> _Aim of the task_:
If pictures appear in the lines below, skip them and copy exactly the lines from the one containing "An exceptional pair" through the one containing "A player pondering", and nothing else.

> _Supplied records_:

########

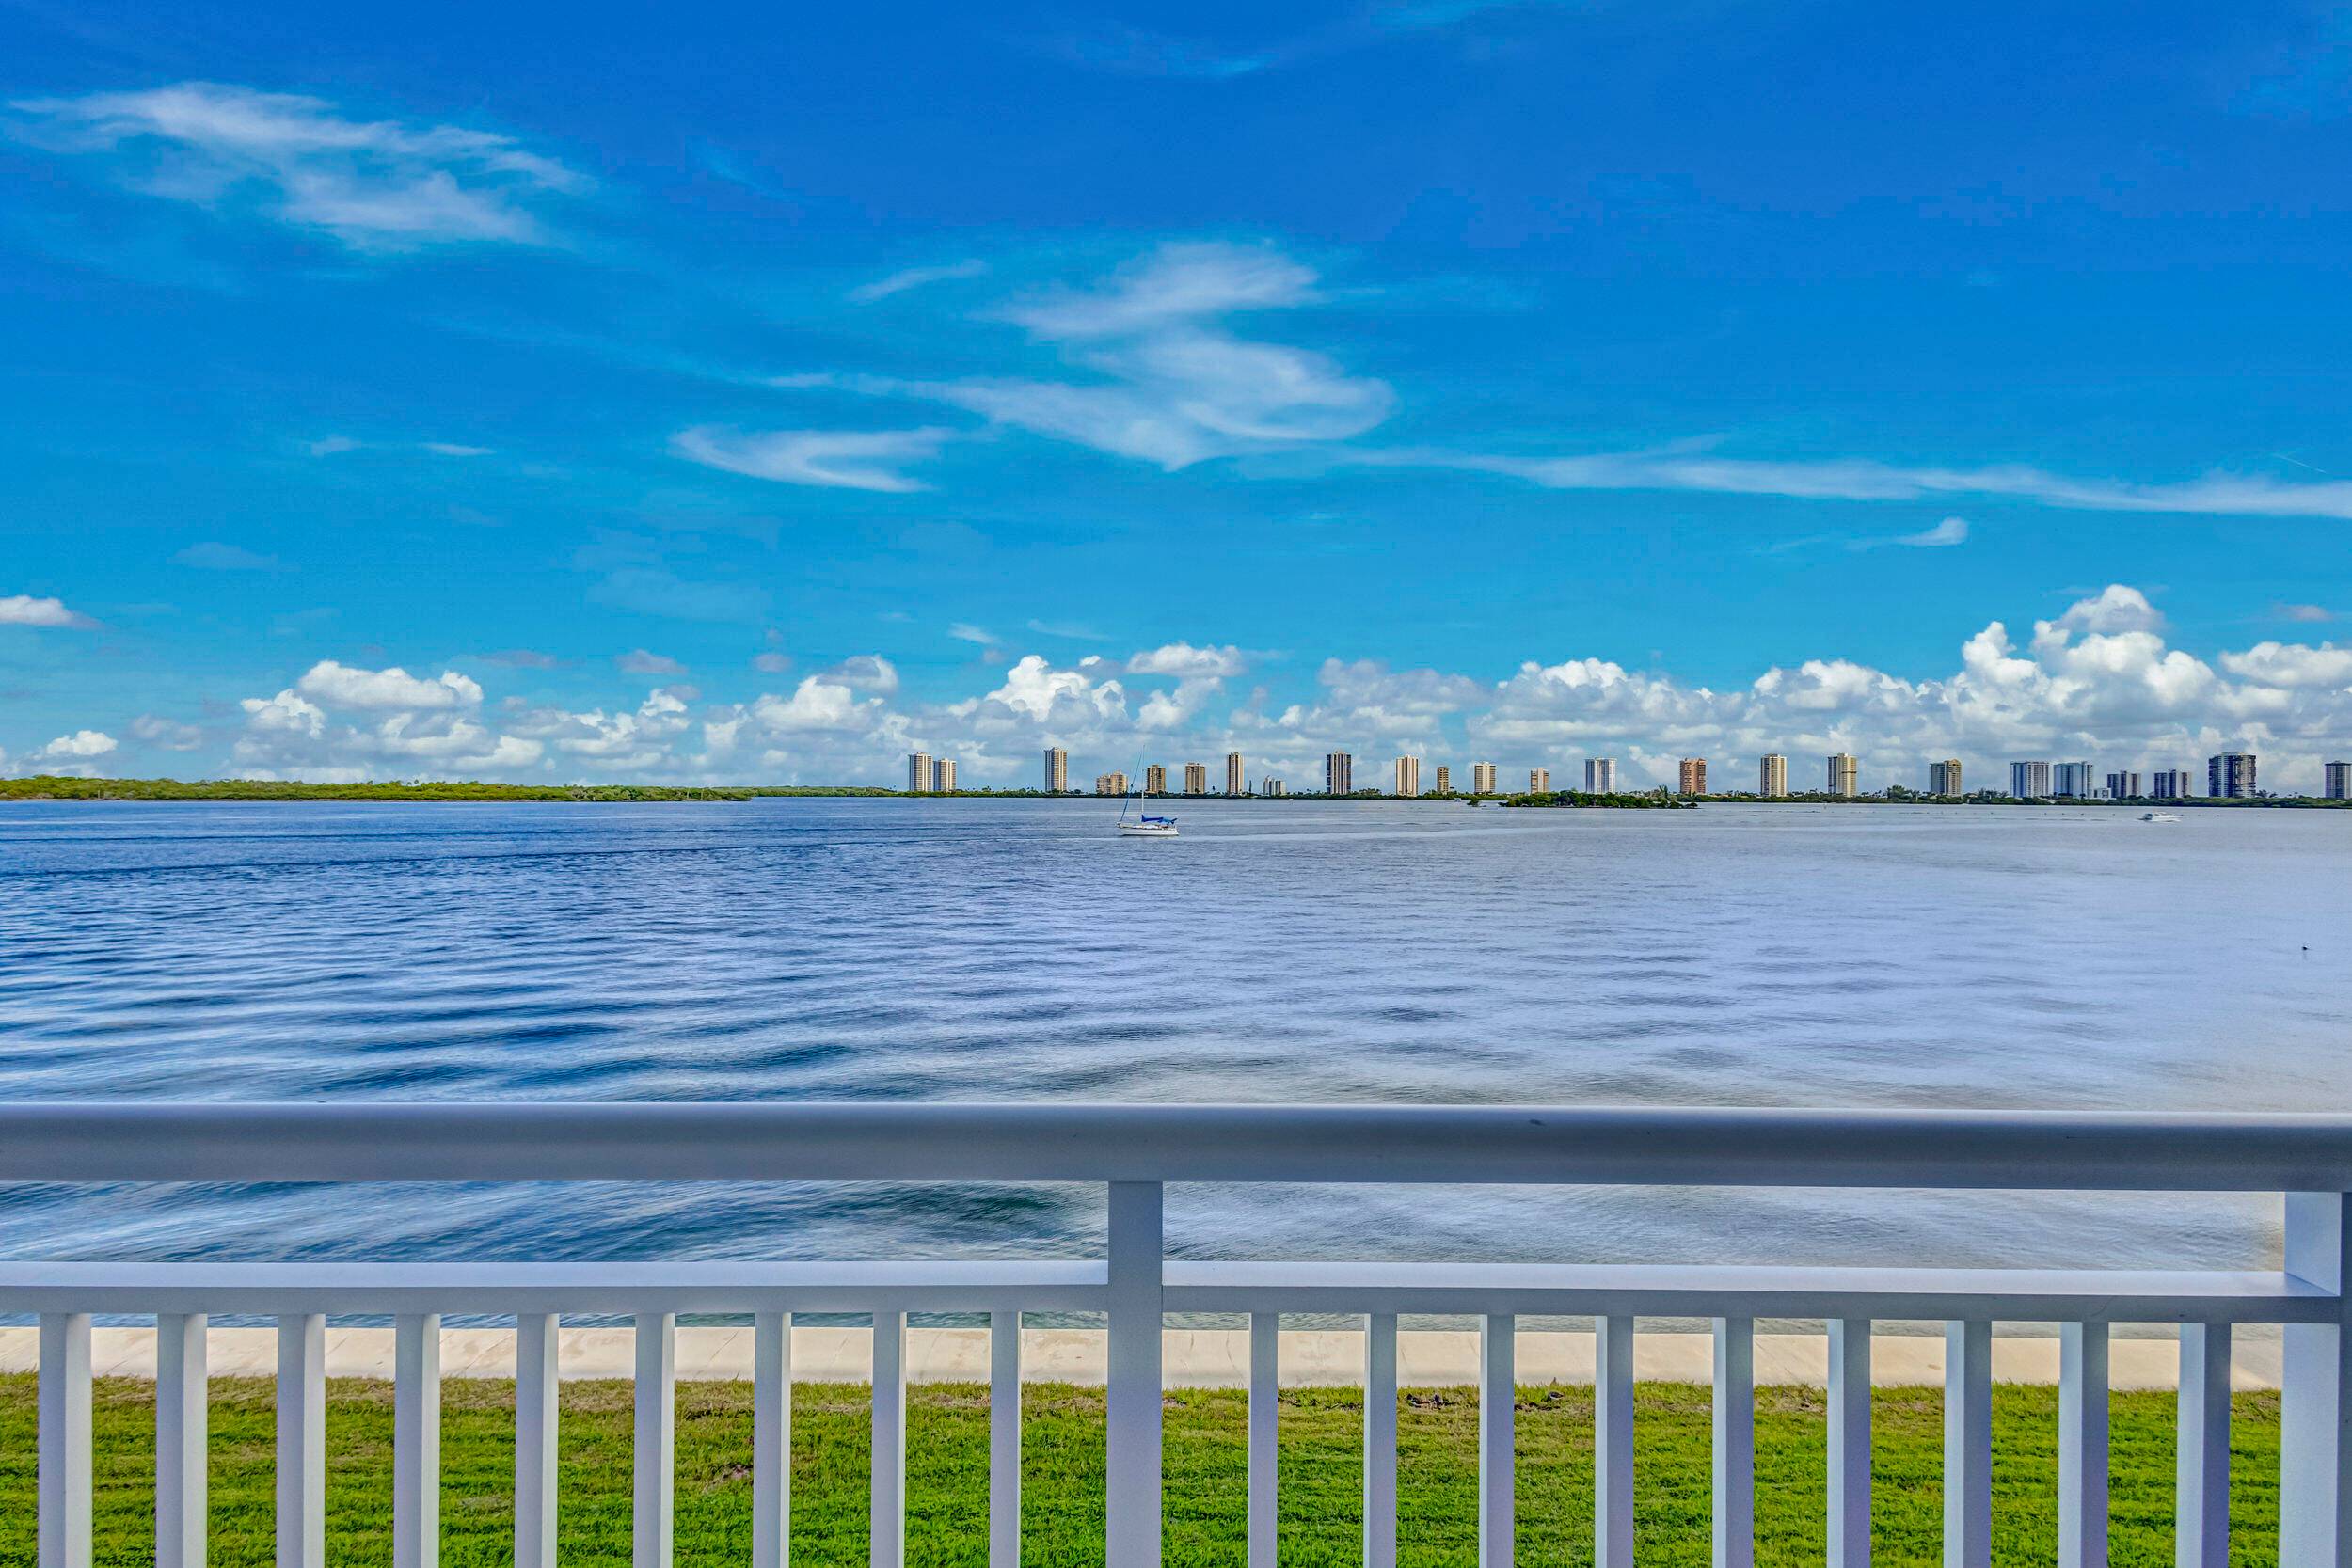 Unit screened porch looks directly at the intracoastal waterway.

########

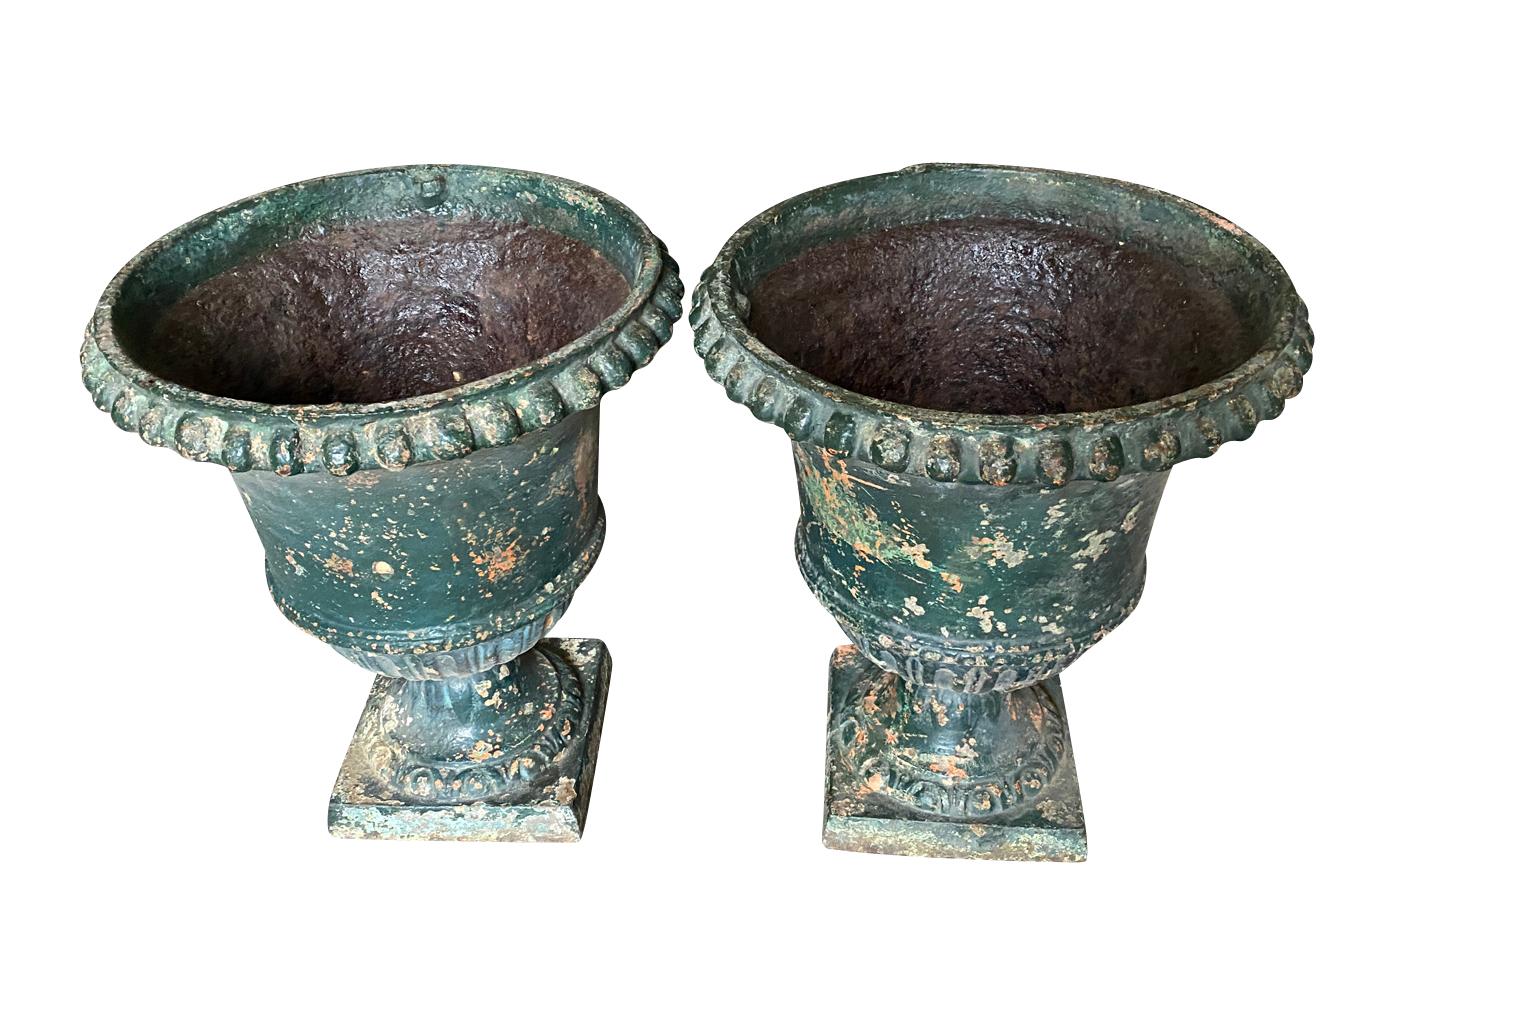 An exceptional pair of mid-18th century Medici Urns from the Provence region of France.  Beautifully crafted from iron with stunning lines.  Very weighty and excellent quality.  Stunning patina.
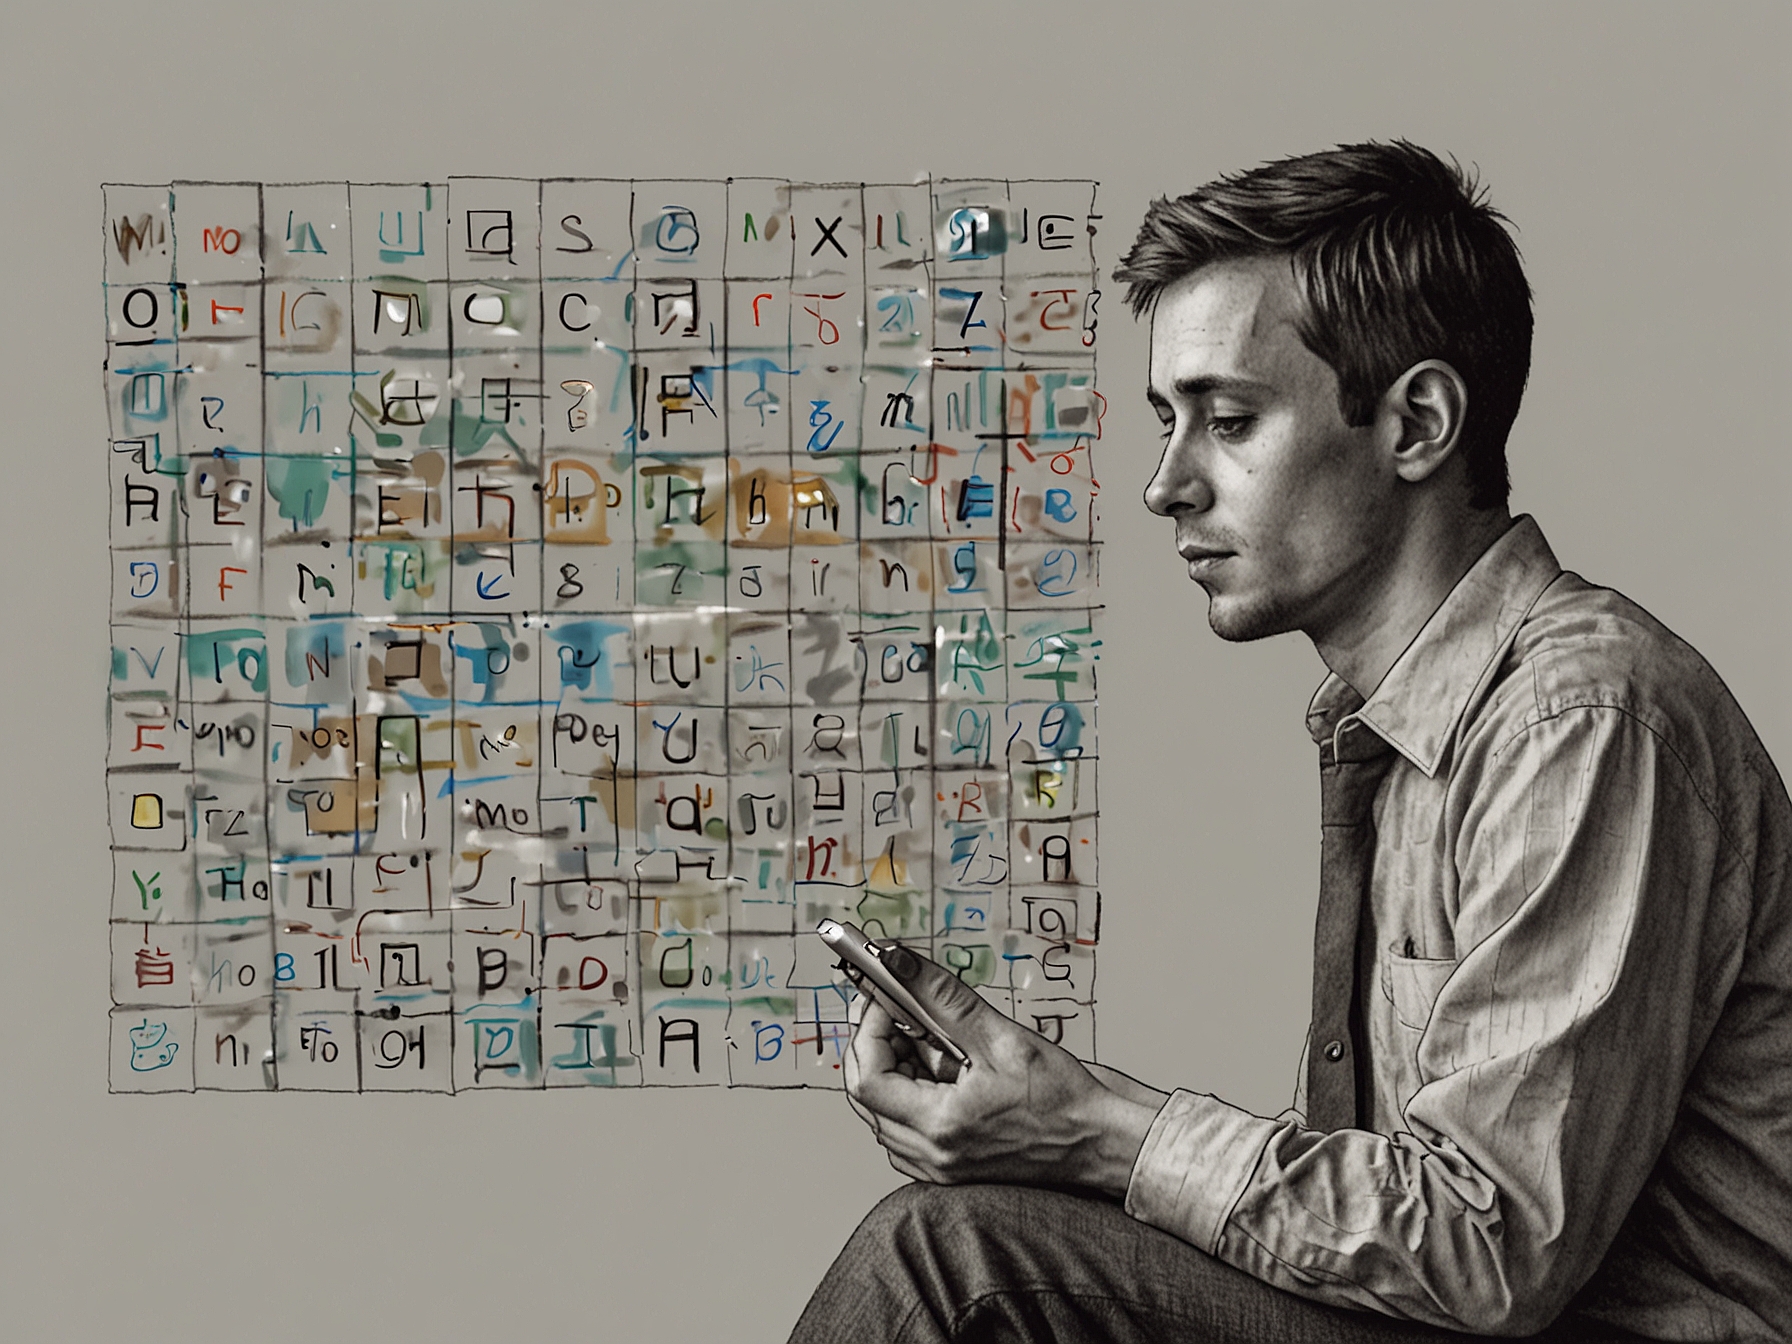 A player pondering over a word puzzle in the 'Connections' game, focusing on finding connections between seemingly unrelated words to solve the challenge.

########

> _Output of the task_:
 An exceptional pair of mid-18th century Medici Urns from the Provence region of France.  Beautifully crafted from iron with stunning lines.  Very weighty and excellent quality.  Stunning patina.
 A player pondering over a word puzzle in the 'Connections' game, focusing on finding connections between seemingly unrelated words to solve the challenge.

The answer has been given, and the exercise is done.